Required work
Only the pictures are dropped. Restate each line below word for word.

Records for this exercise
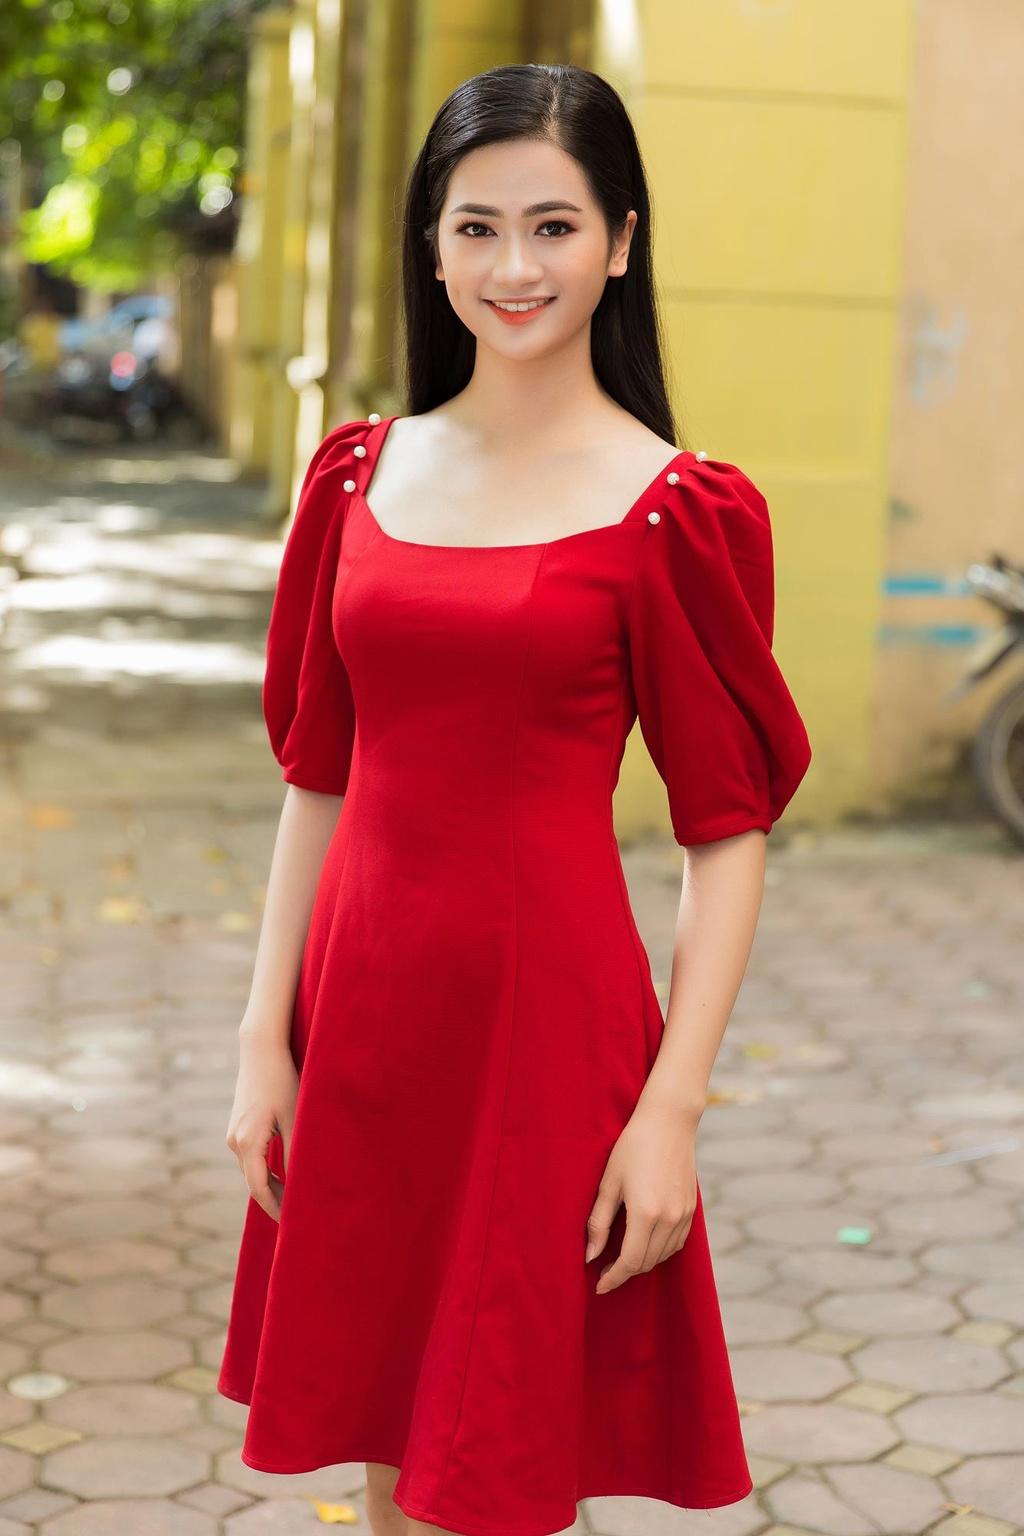 Dan thi sinh 10X du thi Hoa hau The gioi Viet Nam 2019 hinh anh 7
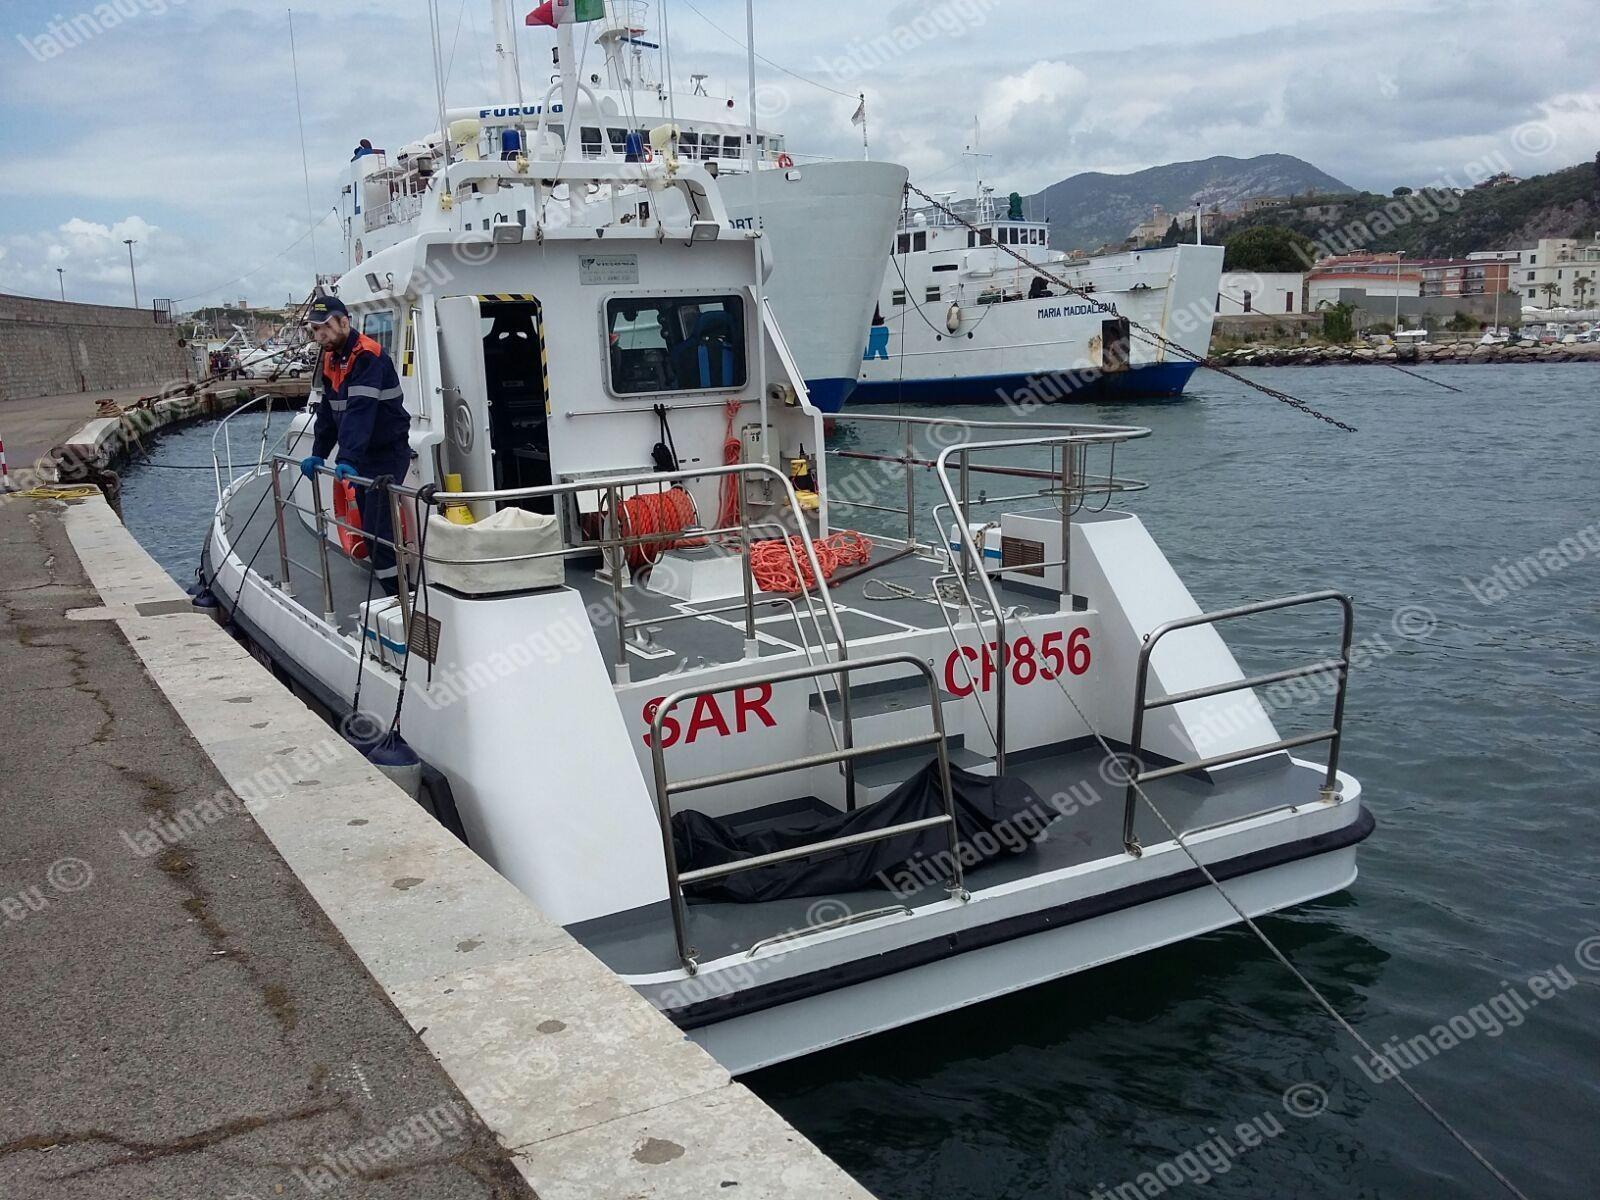 Recuperati due cadaveri in mare al largo di Terracina
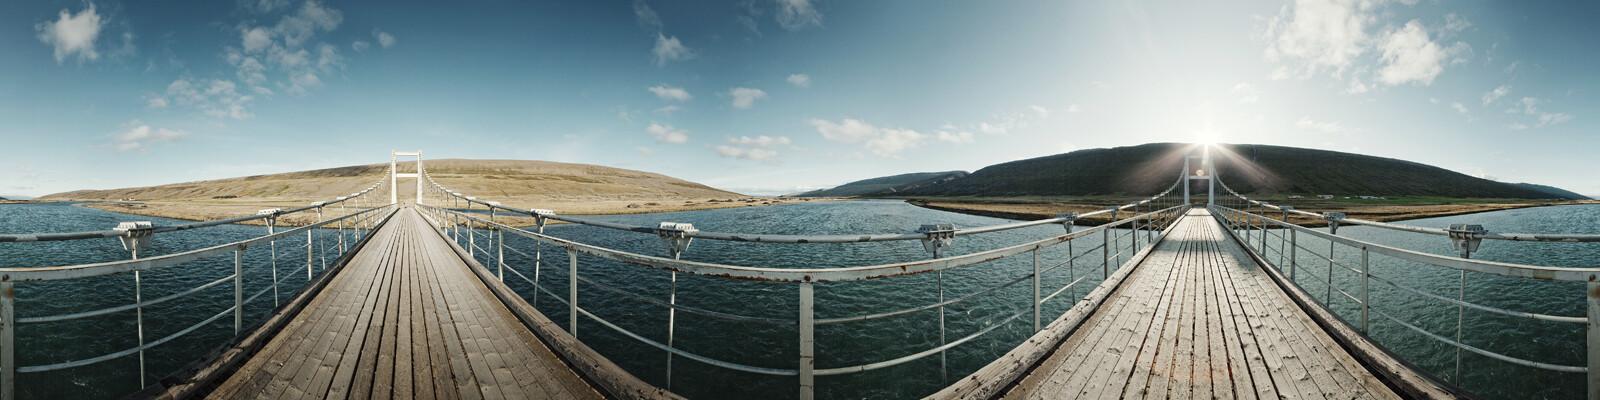 Iceland #1 Skjálfandafljót - Josh Von Staudach
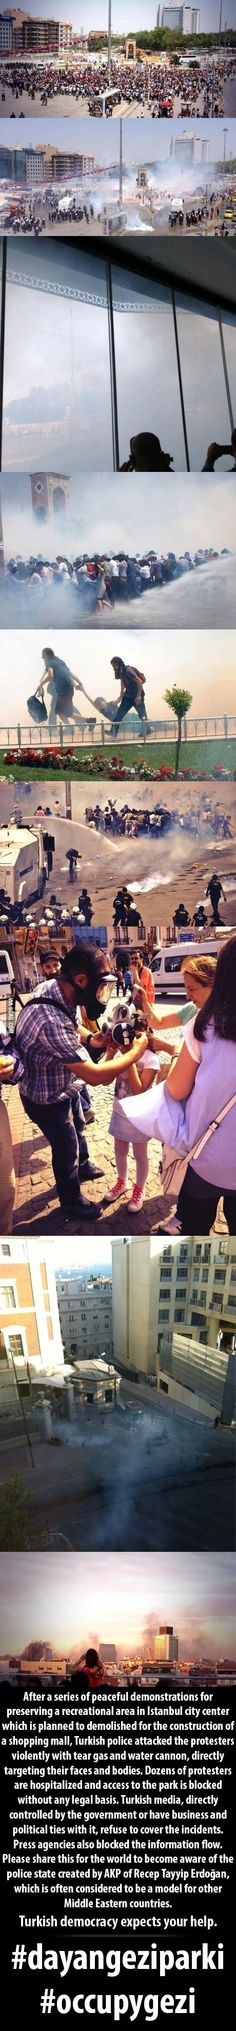 #occupygezi #direngeziparkı #direngezi #wearegezi #occupytaksim #occupyturkey #chapulling #Istanbul #Turkey
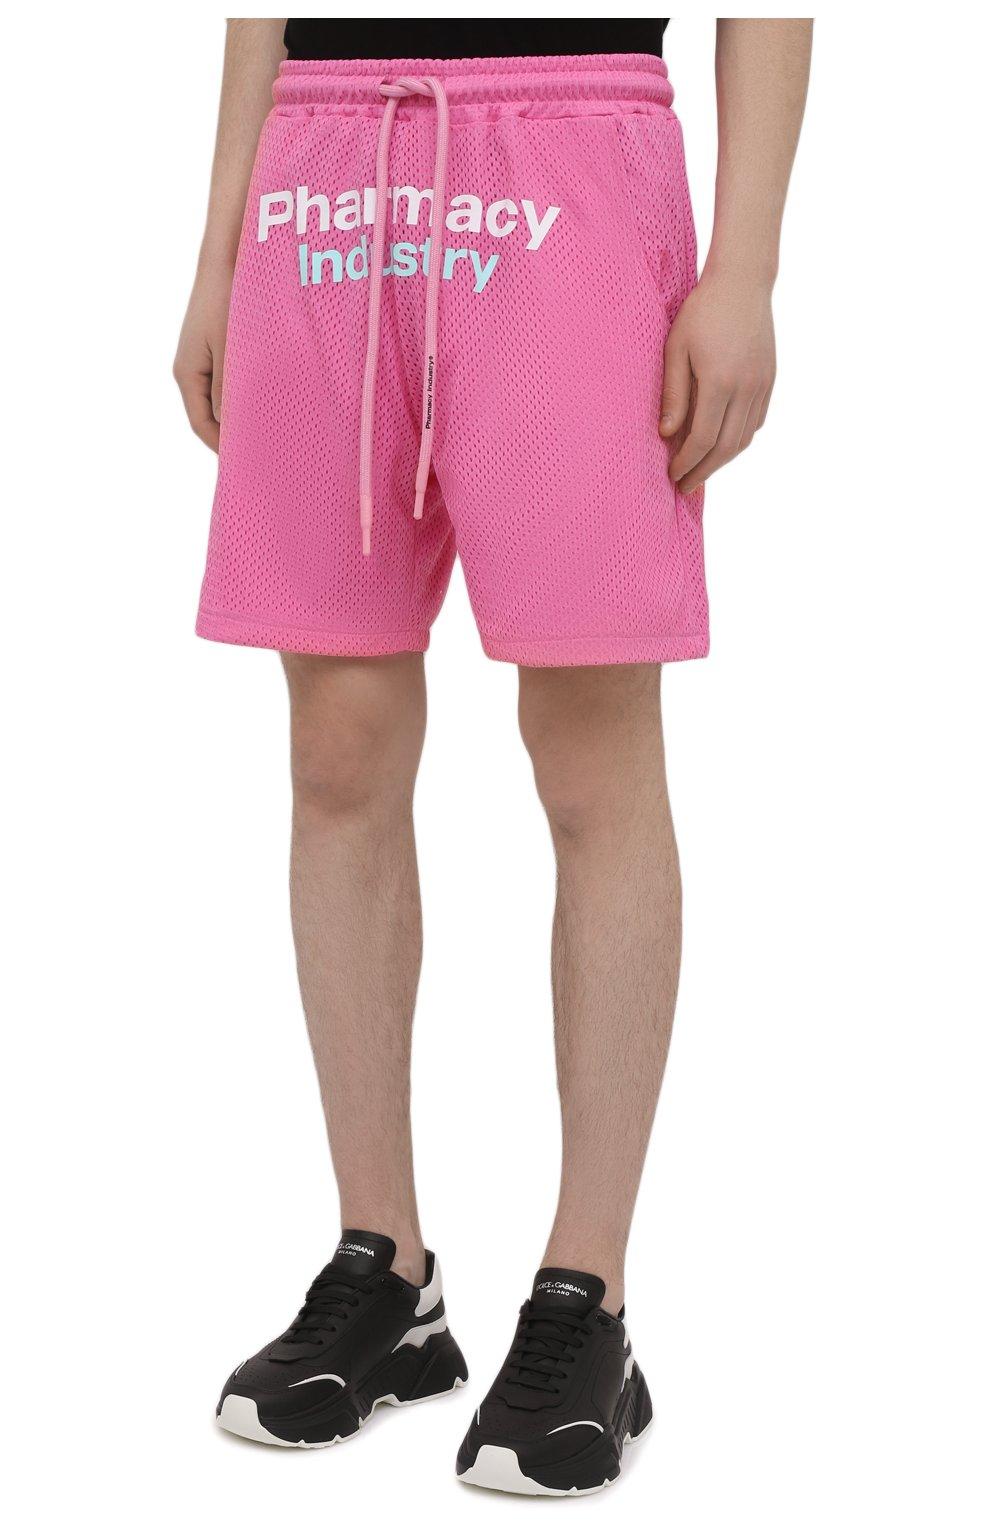 Мужские шорты PHARMACY INDUSTRY розового цвета, арт. PHM230 | Фото 3

Finished task
 Dan thi sinh 10X du thi Hoa hau The gioi Viet Nam 2019 hinh anh 7
 Recuperati due cadaveri in mare al largo di Terracina
 Iceland #1 Skjálfandafljót - Josh Von Staudach
 #occupygezi #direngeziparkı #direngezi #wearegezi #occupytaksim #occupyturkey #chapulling #Istanbul #Turkey
 Мужские шорты PHARMACY INDUSTRY розового цвета, арт. PHM230 | Фото 3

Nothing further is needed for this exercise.